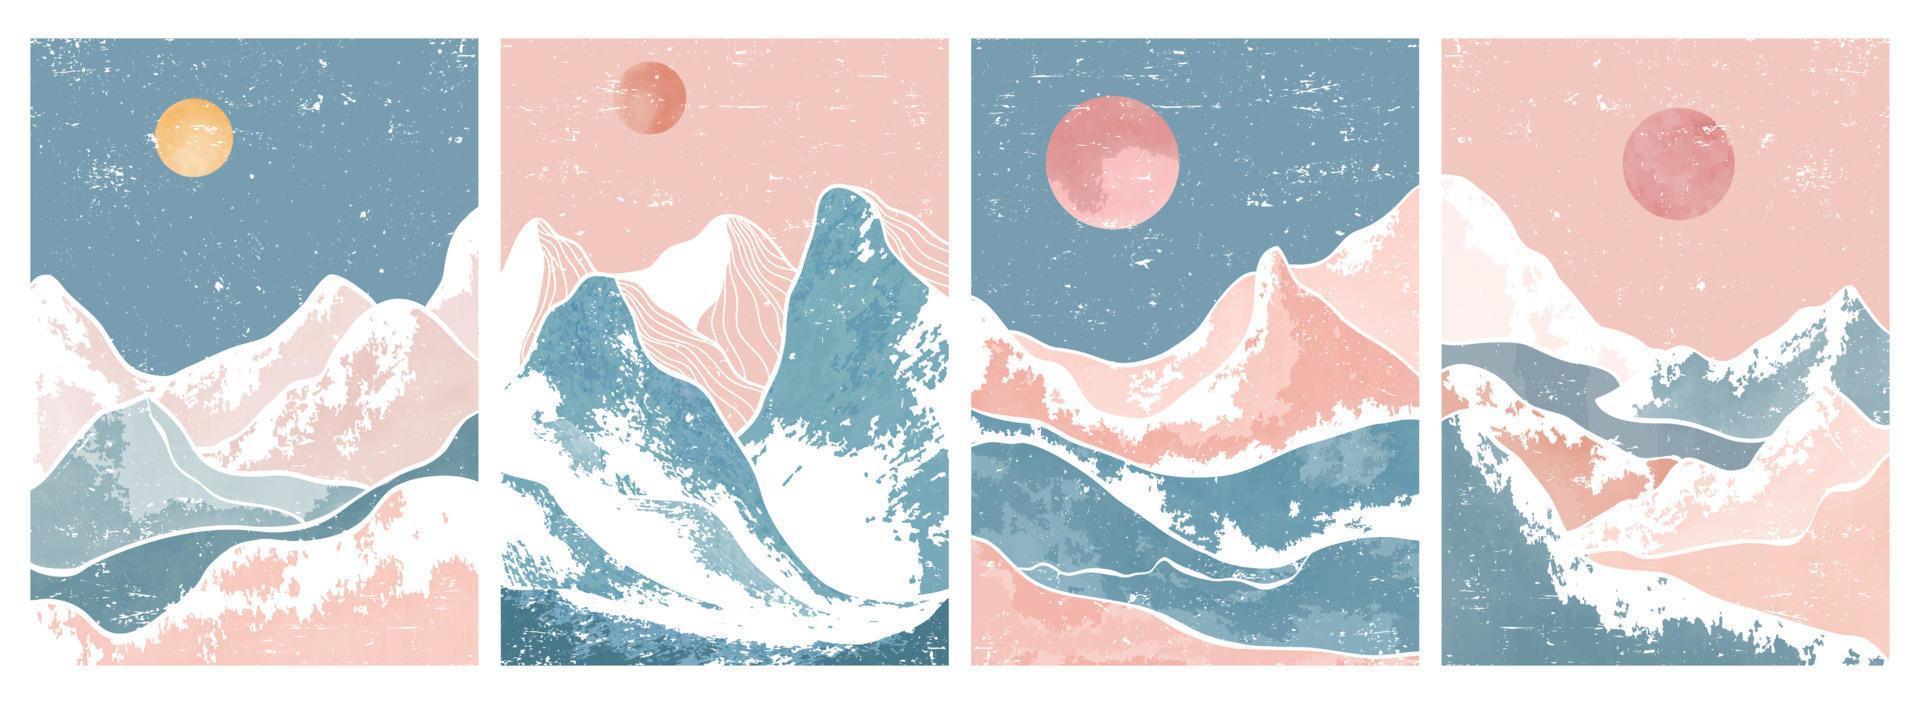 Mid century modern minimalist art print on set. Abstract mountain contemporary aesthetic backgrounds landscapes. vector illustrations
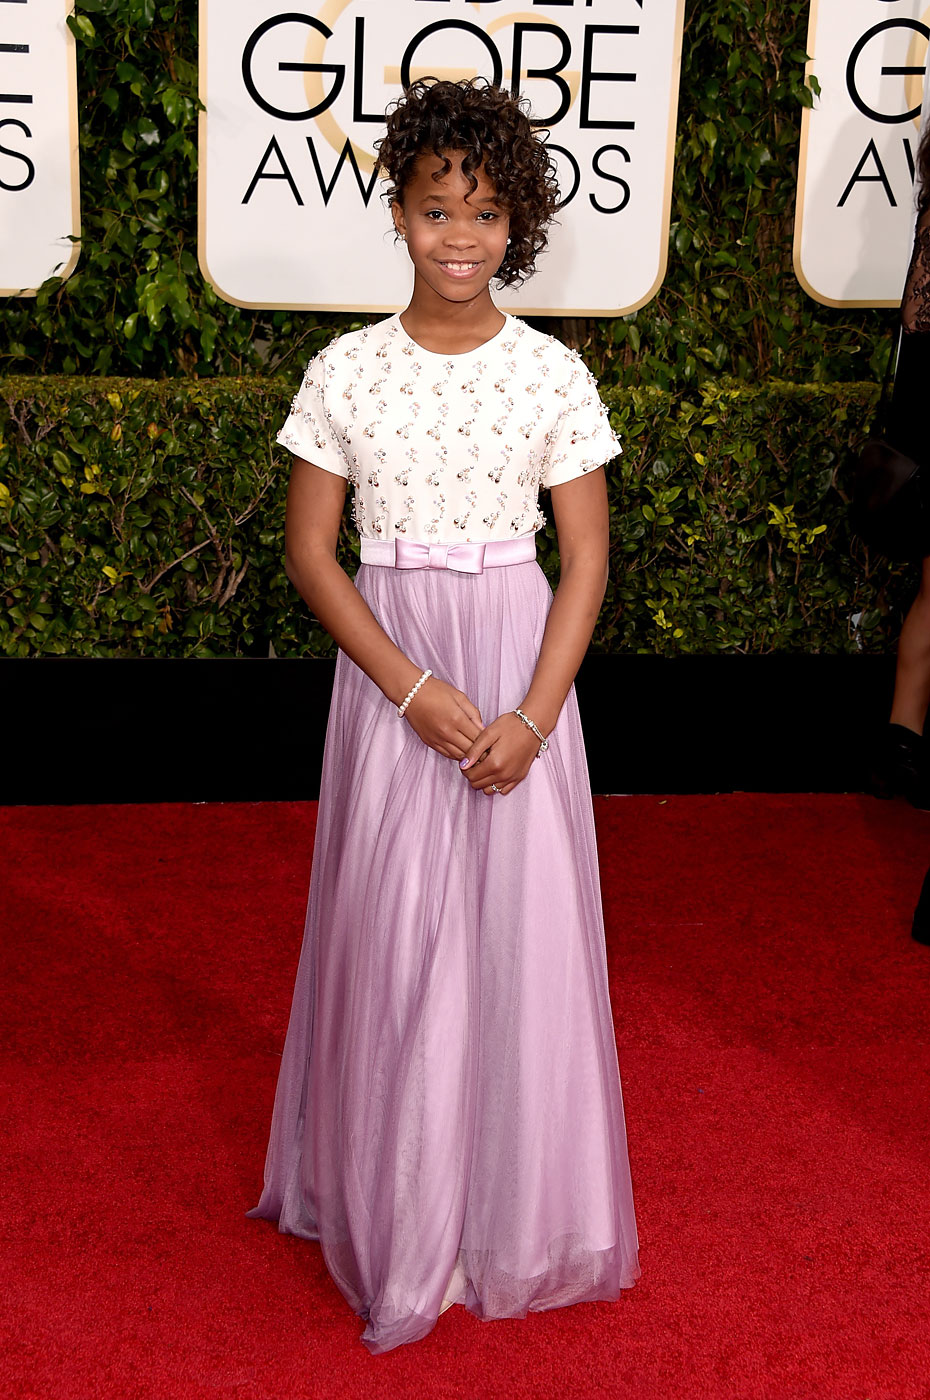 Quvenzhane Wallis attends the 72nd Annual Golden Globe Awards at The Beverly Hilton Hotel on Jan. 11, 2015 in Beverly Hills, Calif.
- - -
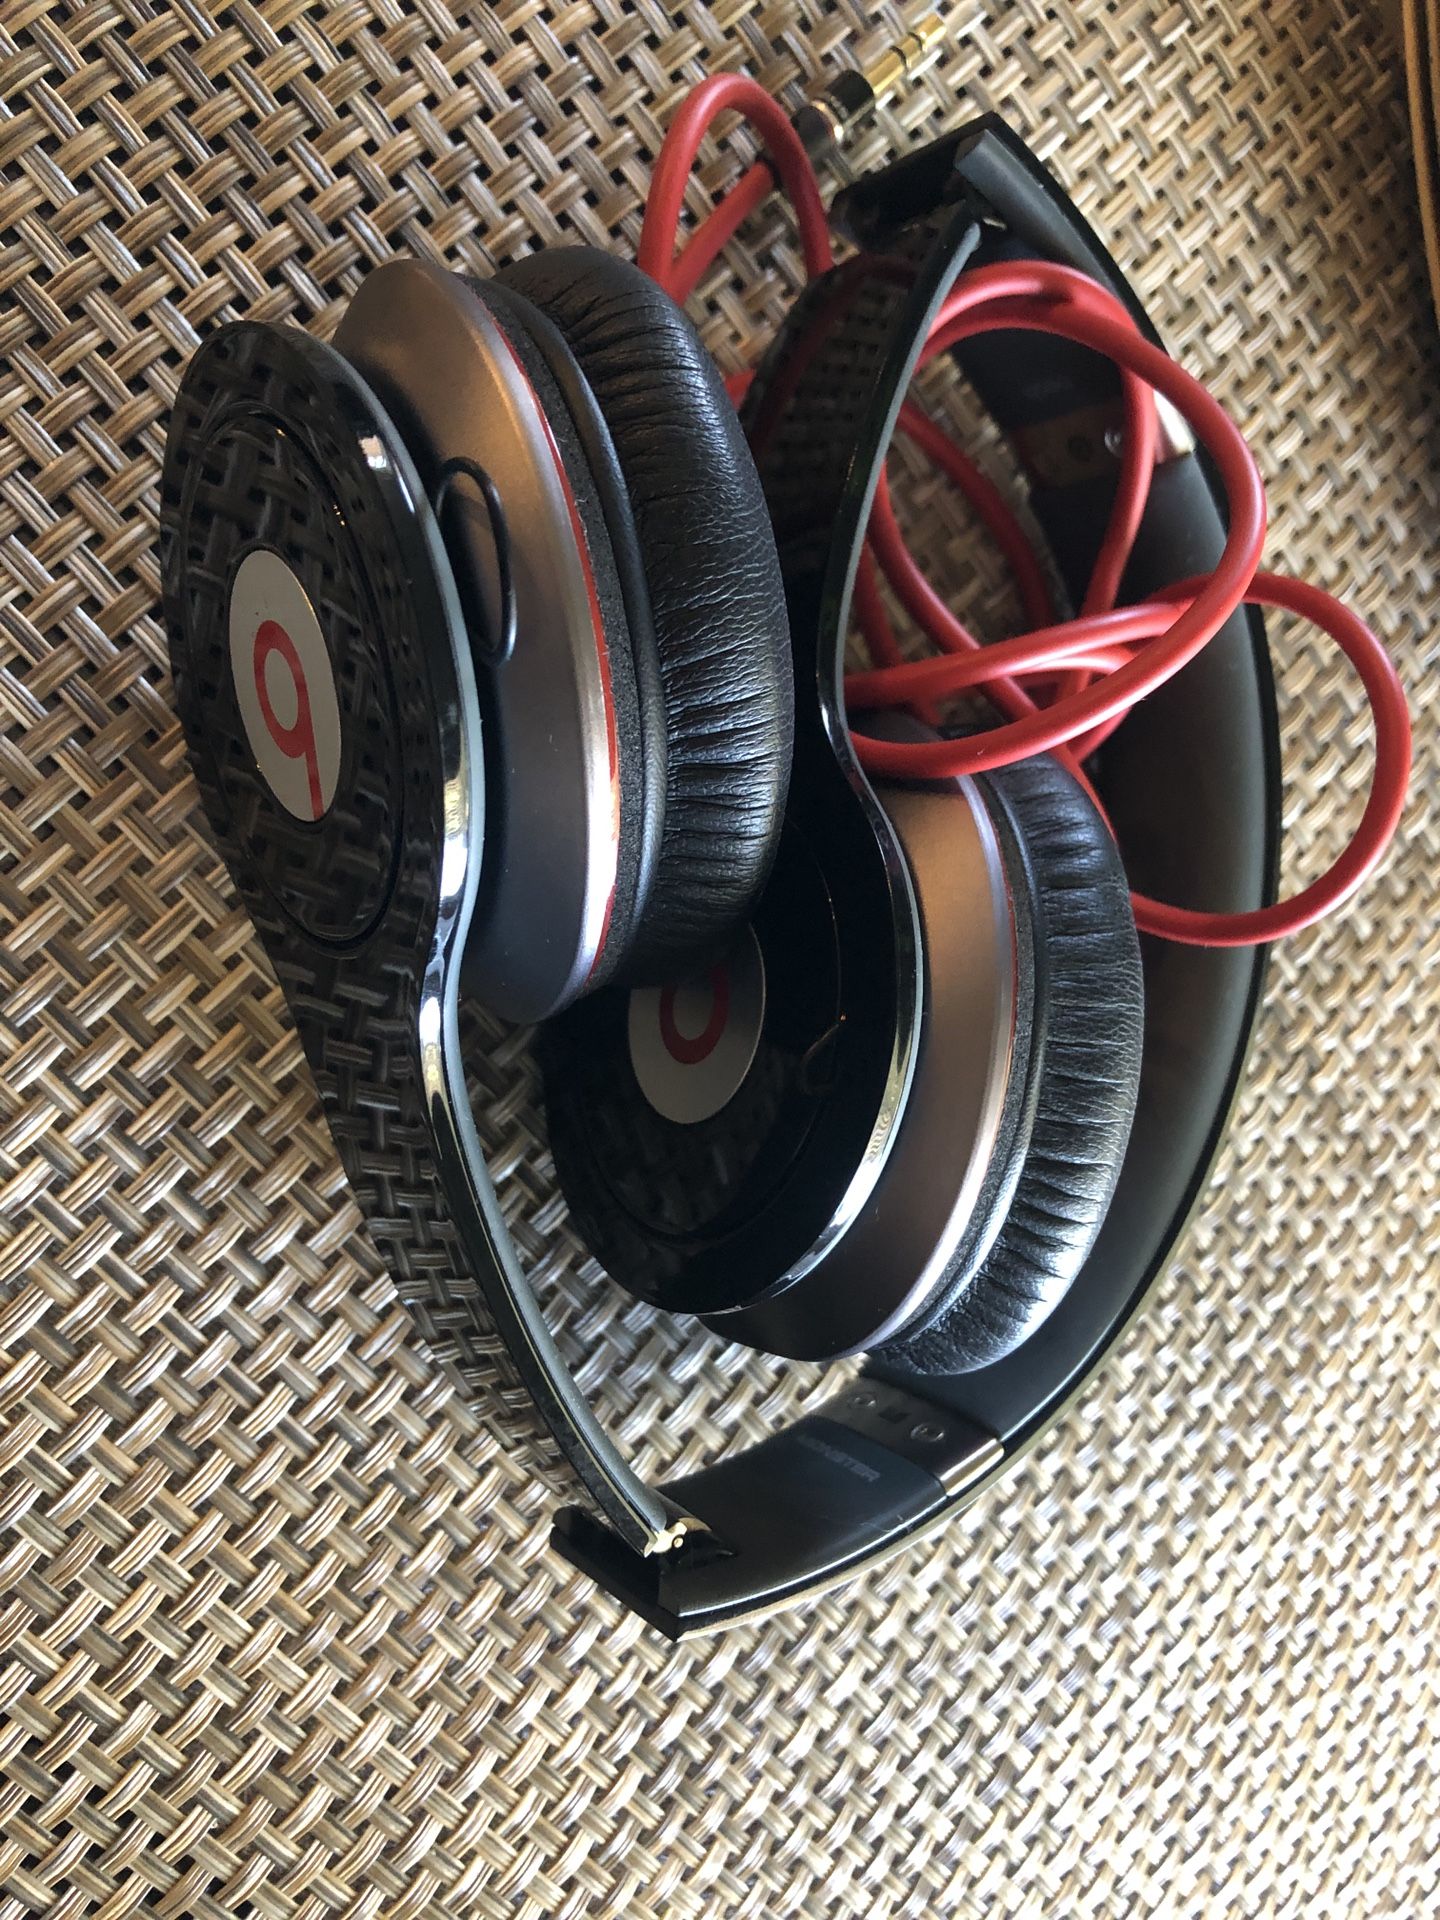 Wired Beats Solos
- - -
> _Task statement_:
Transcribe, from the material above, the stretch starting at the line with "Mid century modern" and ending at the line with "Quvenzhane Wallis attends", both included, exactly. Do not carry over pictures.

> _Exercise output_:
 Mid century modern minimalist art print on set. Abstract mountain contemporary aesthetic backgrounds landscapes. vector illustrations
 Quvenzhane Wallis attends the 72nd Annual Golden Globe Awards at The Beverly Hilton Hotel on Jan. 11, 2015 in Beverly Hills, Calif.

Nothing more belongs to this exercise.